Write performance is improved at the expense of an ever-growing number of invalid pages. If not reclaimed, the invalid pages deplete the storage space quickly. To reclaim the storage, garbage collection is necessary.

For purely sequential write operations, garbage collection is straightforward. Blocks can be invalidated and reclaimed one by one as data are written page by page. No extra write–erase operations are incurred. For random write operations, in contrast, the situation is much more complex, and so more sophisticated algorithms are required. For instance, an algorithm could maximize the number of reclaimed pages or minimize the number of additional read and write operations. The effectiveness of a garbage collection algorithm depends on the degree of write amplification that it incurs.

With write amplification, the eventual number of write operations carried out on a NAND flash is greater than that requested by the host. Naturally, it is desirable to contain write amplification as much as possible for performance and endurance reasons. Such containment is of particular importance in Cloud Computing, since write amplification worsens as the amount of random write operations increases.

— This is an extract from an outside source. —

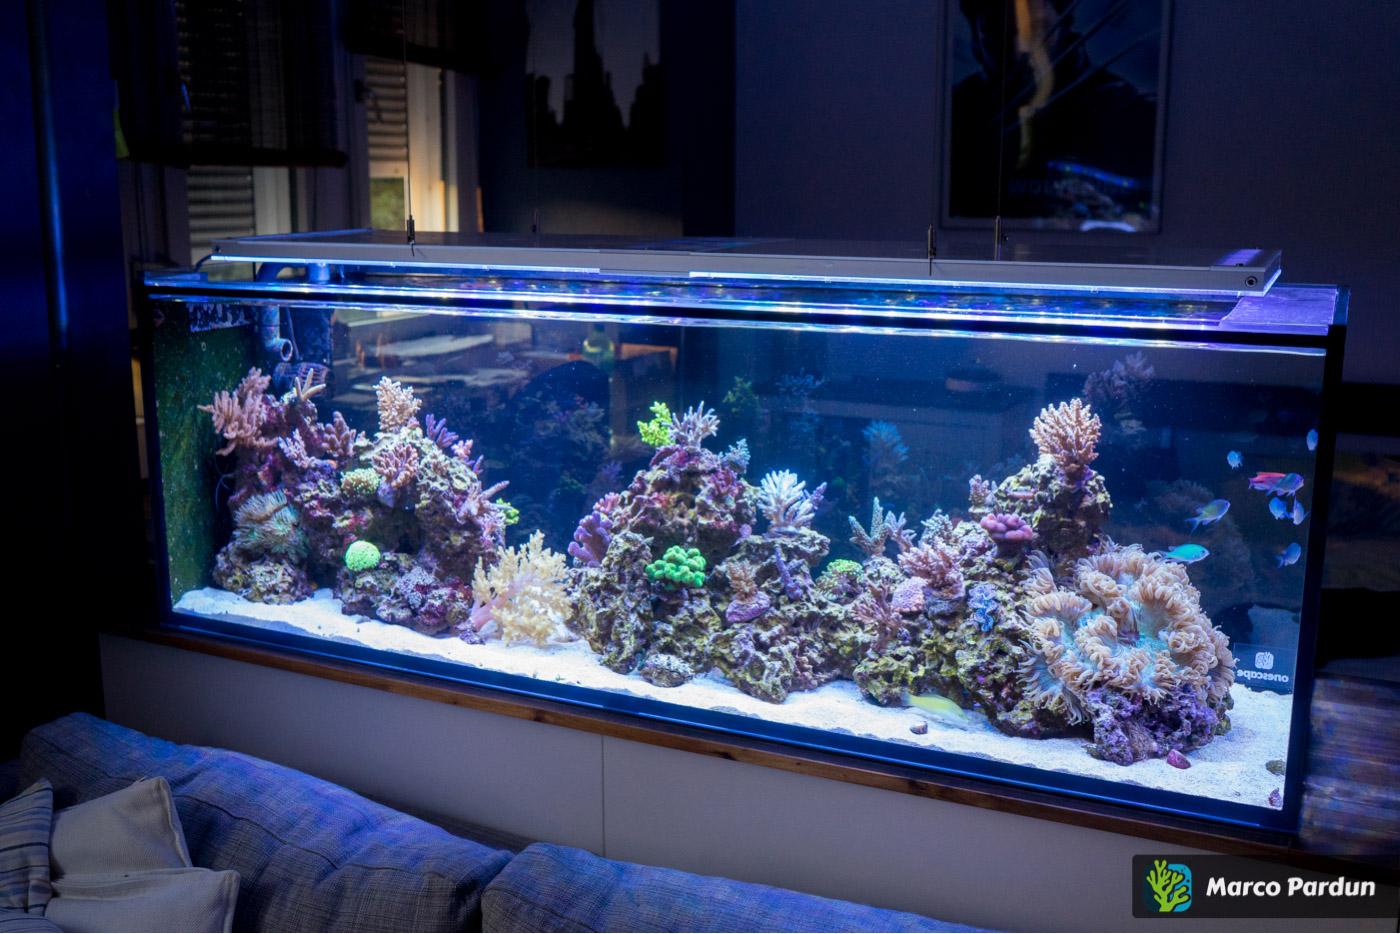 ein 400l raumteiler 150x50x50cm seite 4 vorbereitung dein meerwasser forum f r nanoriffe. Black Bedroom Furniture Sets. Home Design Ideas

There are two techniques to reduce write amplification.

One technique is over-provisioning, namely limiting the user address space to a fraction of the raw memory capacity. Over-provisioning increases the number of invalid pages in the block selected for reclamation. It is effective and does not depend on special support from the operating system (or the file system).

The technique employs a special ATA command to inform the underlying storage what data are deleted. With hard disks, there is no need for such a command because the storage medium supports in-place writing. The command makes a great difference in the case of NAND flash as it saves time that is otherwise wasted during garbage collection.

To extend a NAND flash's lifetime in general, the practice of “wear leveling” is used to spread write–erase operations as evenly as possible. (Note that out-place-write intrinsically supports wear leveling.) The practice introduces write amplification. To see the effect, consider the extreme example shown in Figure 6.41.

Image described by surrounding text.

Figure 6.41 Hypothetical state of a NAND flash memory.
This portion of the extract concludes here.